W 2023 roku uczcił 50. rocznicę Tubular Bells , wydając reedycję zawierającą niepublikowany 8-minutowy utwór „Introduction to Tubular Bells 4”. Jego wytwórnia zasugerowała, że utwór ten może być jego ostatnim nagraniem.
„…może to być ostatni utwór nagrany kiedykolwiek przez Oldfielda.”

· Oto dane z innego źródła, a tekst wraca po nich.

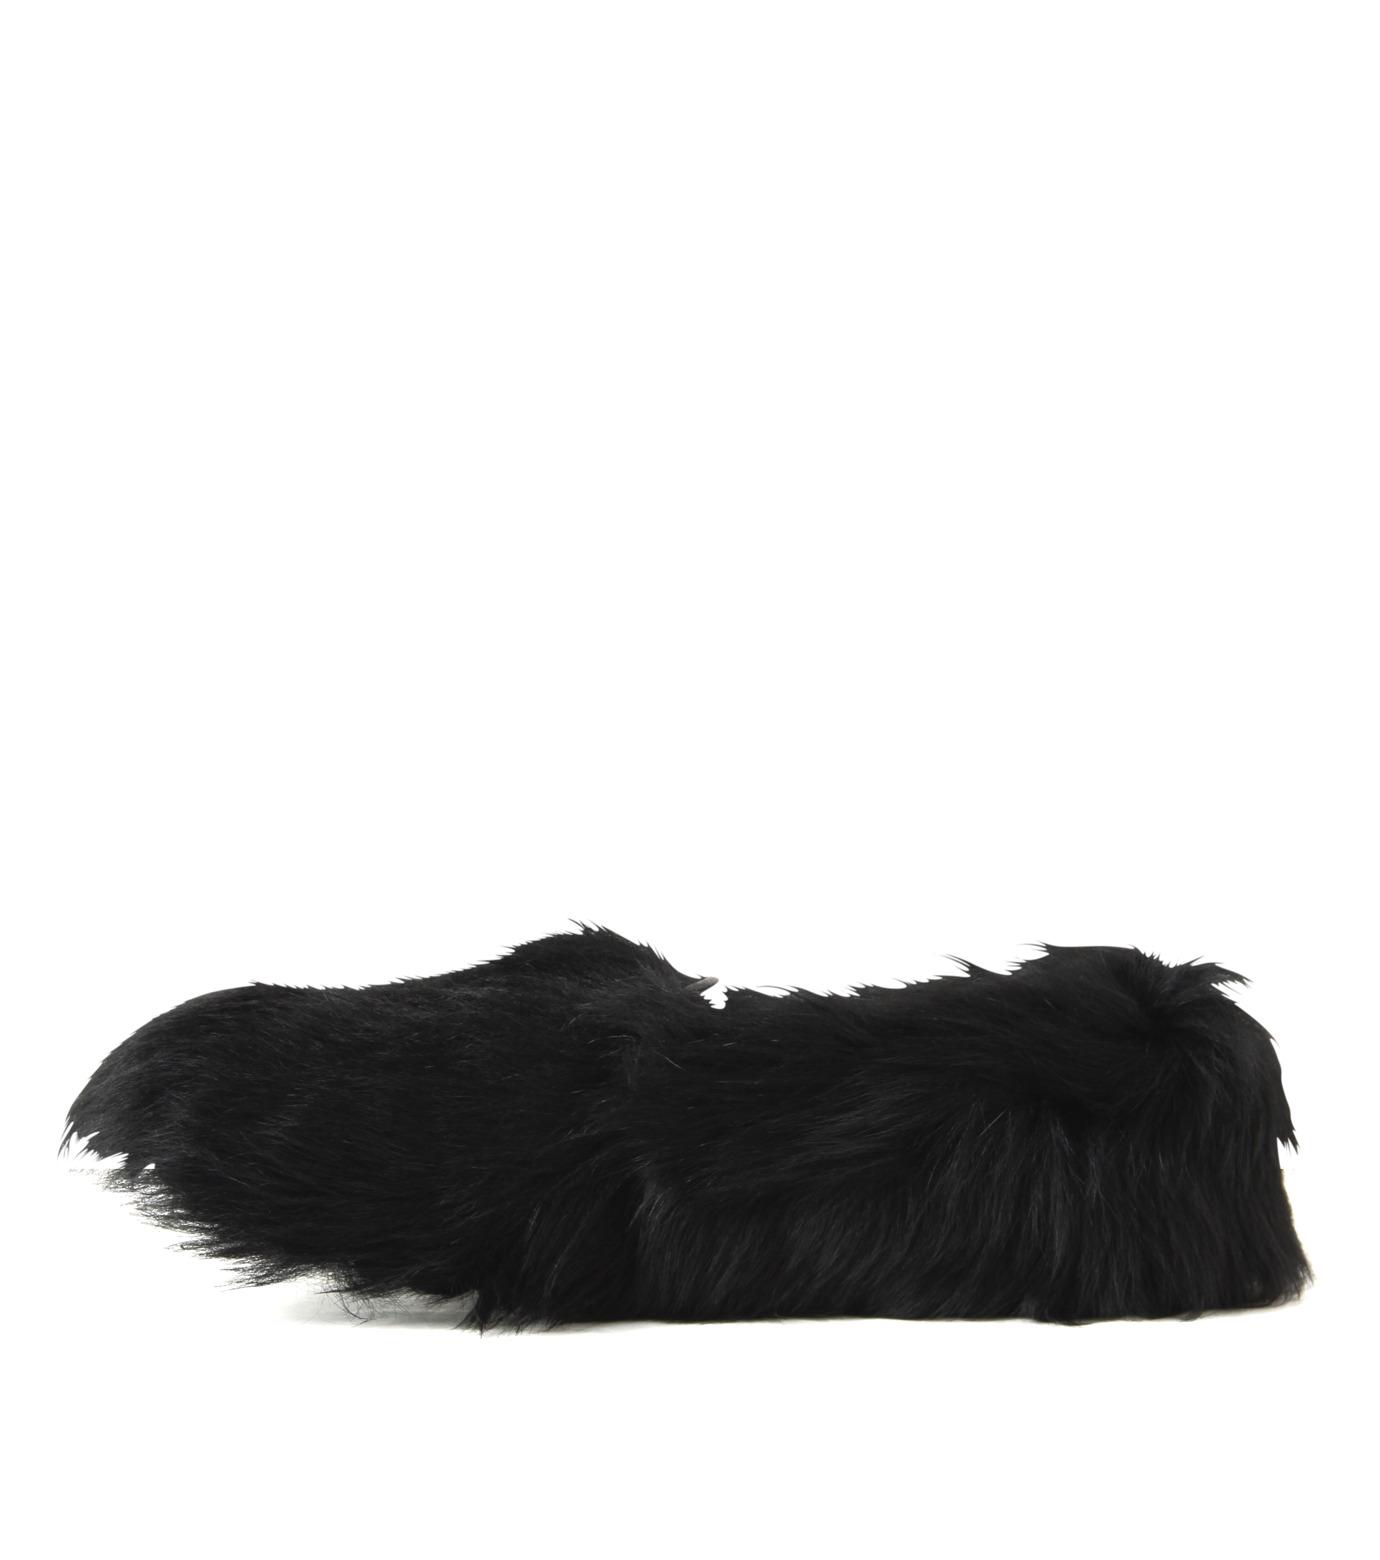 ACNE STUDIOS(アクネ ストゥディオズ)のBalto Fur Slipon-BLACK(シューズ/shoes)-2E0144-13 拡大詳細画像2

Wydawało się, że Oldfield może przejść na emeryturę, decydując się na spokojne życie na Bahamach. Jednak ostatnie aktualizacje sygnalizują zmianę; w wywiadzie dla LouderSound z 2024 r . ujawnił plany nowego projektu, Tubular Bells IV , wyrażając podekscytowanie znalezieniem rozwiązań dla długotrwałych wyzwań twórczych.
„Po tylu latach myślę, że w końcu rozwiązałem problem sekwencji Tubular Bells. To mój wielki projekt”.
Chociaż nie ustalono jeszcze daty premiery, fani Egzorcysty i Mike’a Oldfielda z niecierpliwością czekają na wieści od tego legendarnego kompozytora.